Neha: Yes, this was a tricky one. While we had a large social network in our neighborhood, we clearly needed needed to cultivate our target audience beyond that. So, we started working closely with a local cultural school that focuses on teaching South Asian culture to young children ages 5-9. This led to more word-of-mouth introductions.
Pallavi: We’re also working on creating our brand and social presence through Facebook. While we’re revamping our website, we also plan to put videos up on Youtube, pictures up on Pinterest, etc. At some point in the future, we are considering selling keepsakes (e.g. puppet miniatures, little storybooks, audiobooks, etc.) that kids can take away with them after watching a performance – brand promotion.
Speaking of looking forward, how are you hoping to grow / expand?

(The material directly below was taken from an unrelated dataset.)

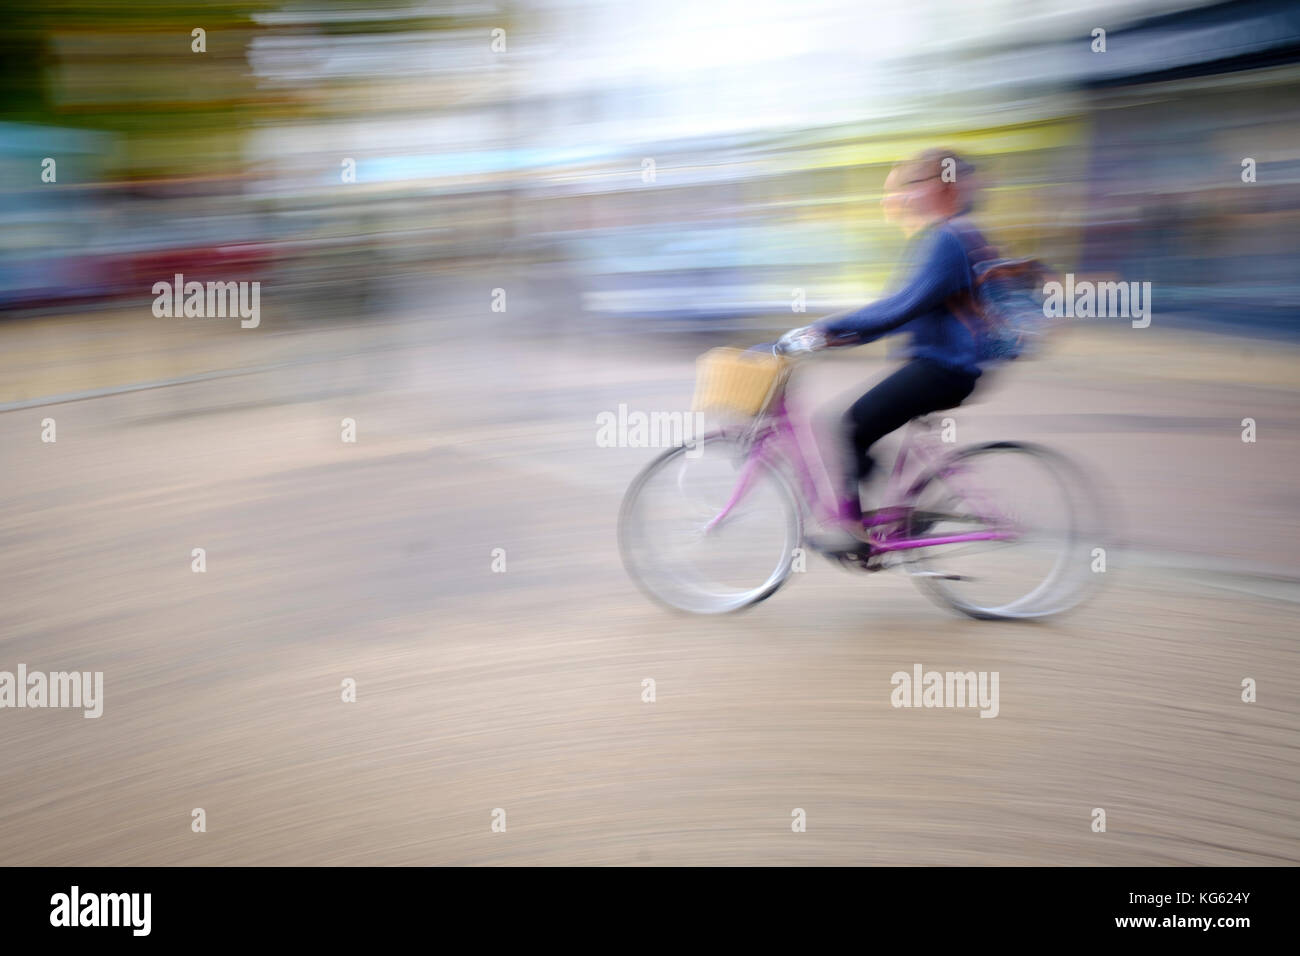 Randonnée à vélo dans la région de Cambridge caméra intentionnelle de flou à donner la sensation de vitesse et d'un style impressionniste de droit Banque D'Images
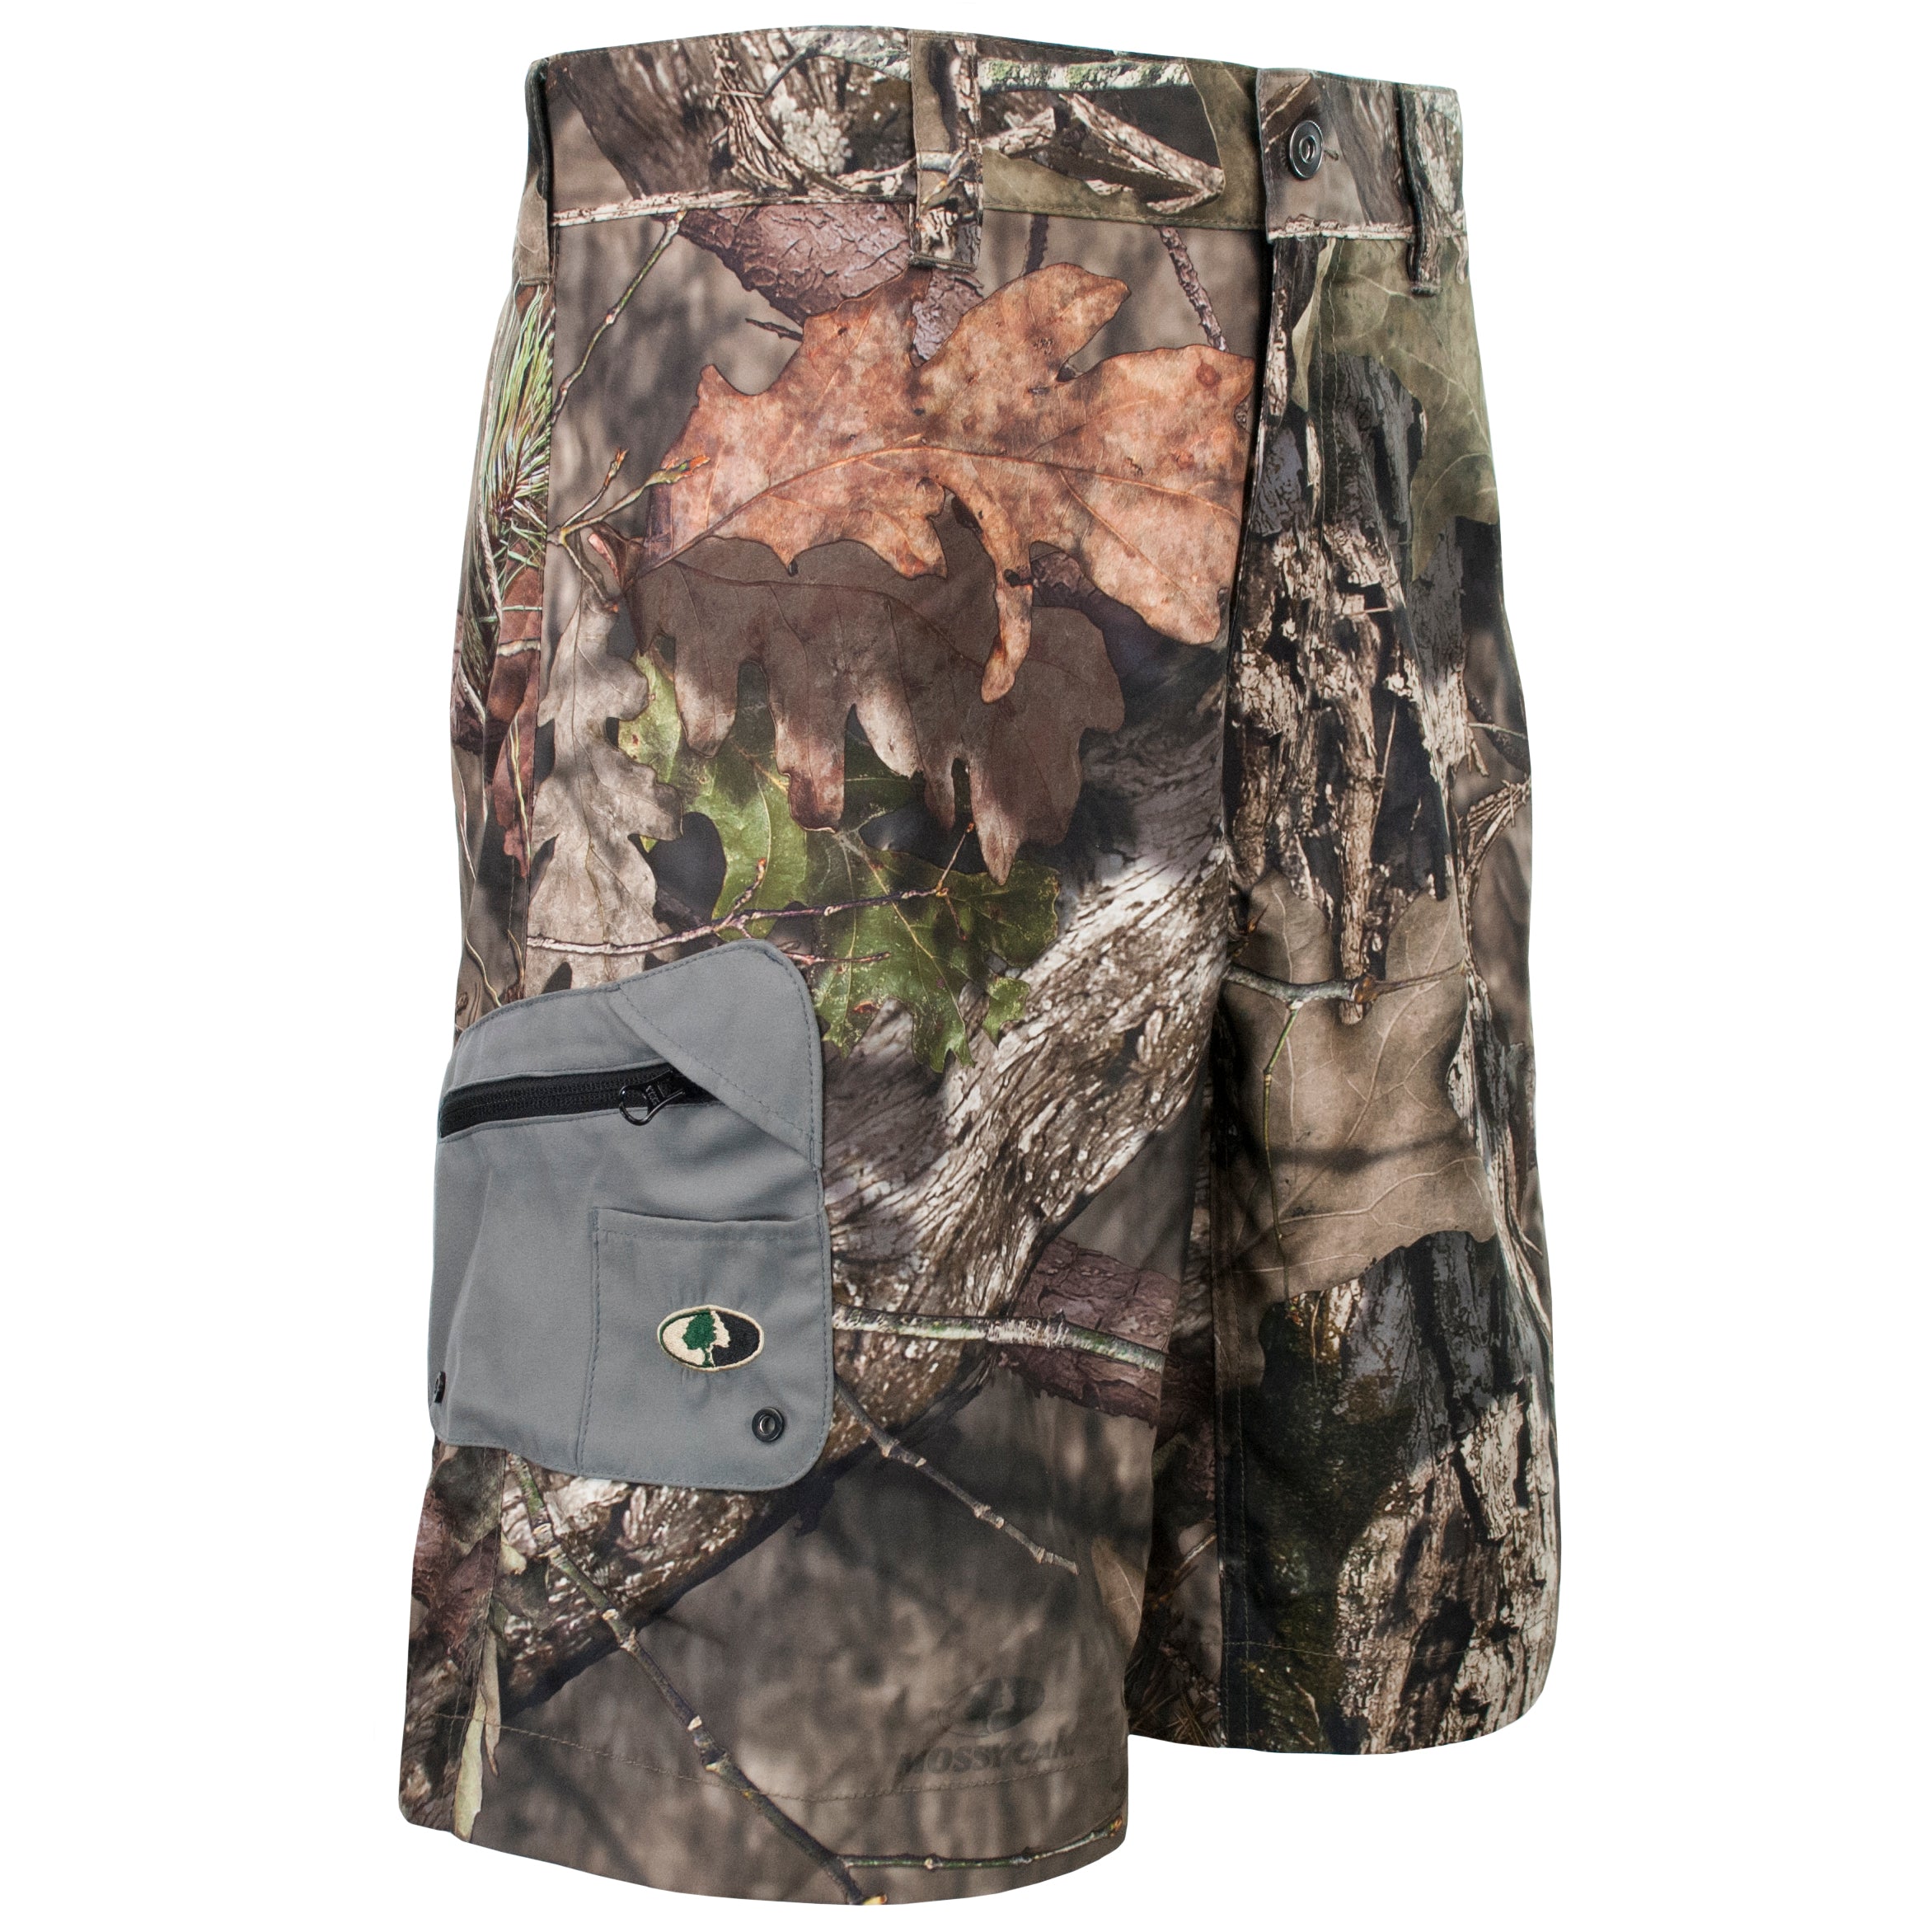 Mossy Oak Camo Hybrid Shorts – The Mossy Oak Store

Neha: Along the way, as we were designing and creating, we talked some more and agreed on realistic short-term and long-term goals. We decided on, for example, delivering 3-4 shows/year in the near-term. We also plan to establish partnerships with all the key indian organizations / schools in the Atlanta area first, then expand to surrounding areas.
Pallavi: Longer-term, we would love to do 2 things: 1) take our shows on the road and 2) have our own playhouse or host events at a local theater venue – with regular shows year-round. Also, we’d like to open up to non-Indian audiences. And, of course, more promotion through Facebook, website, branded products, etc.
Great. Thanks, you guys. This has been a great discussion. I’m excited for what you’re doing and how much you’ve accomplished in a relatively short time, while still working your day-jobs and taking care of young kids of your own. Clearly, this is a labor of love for both of you. All the very best for K4K.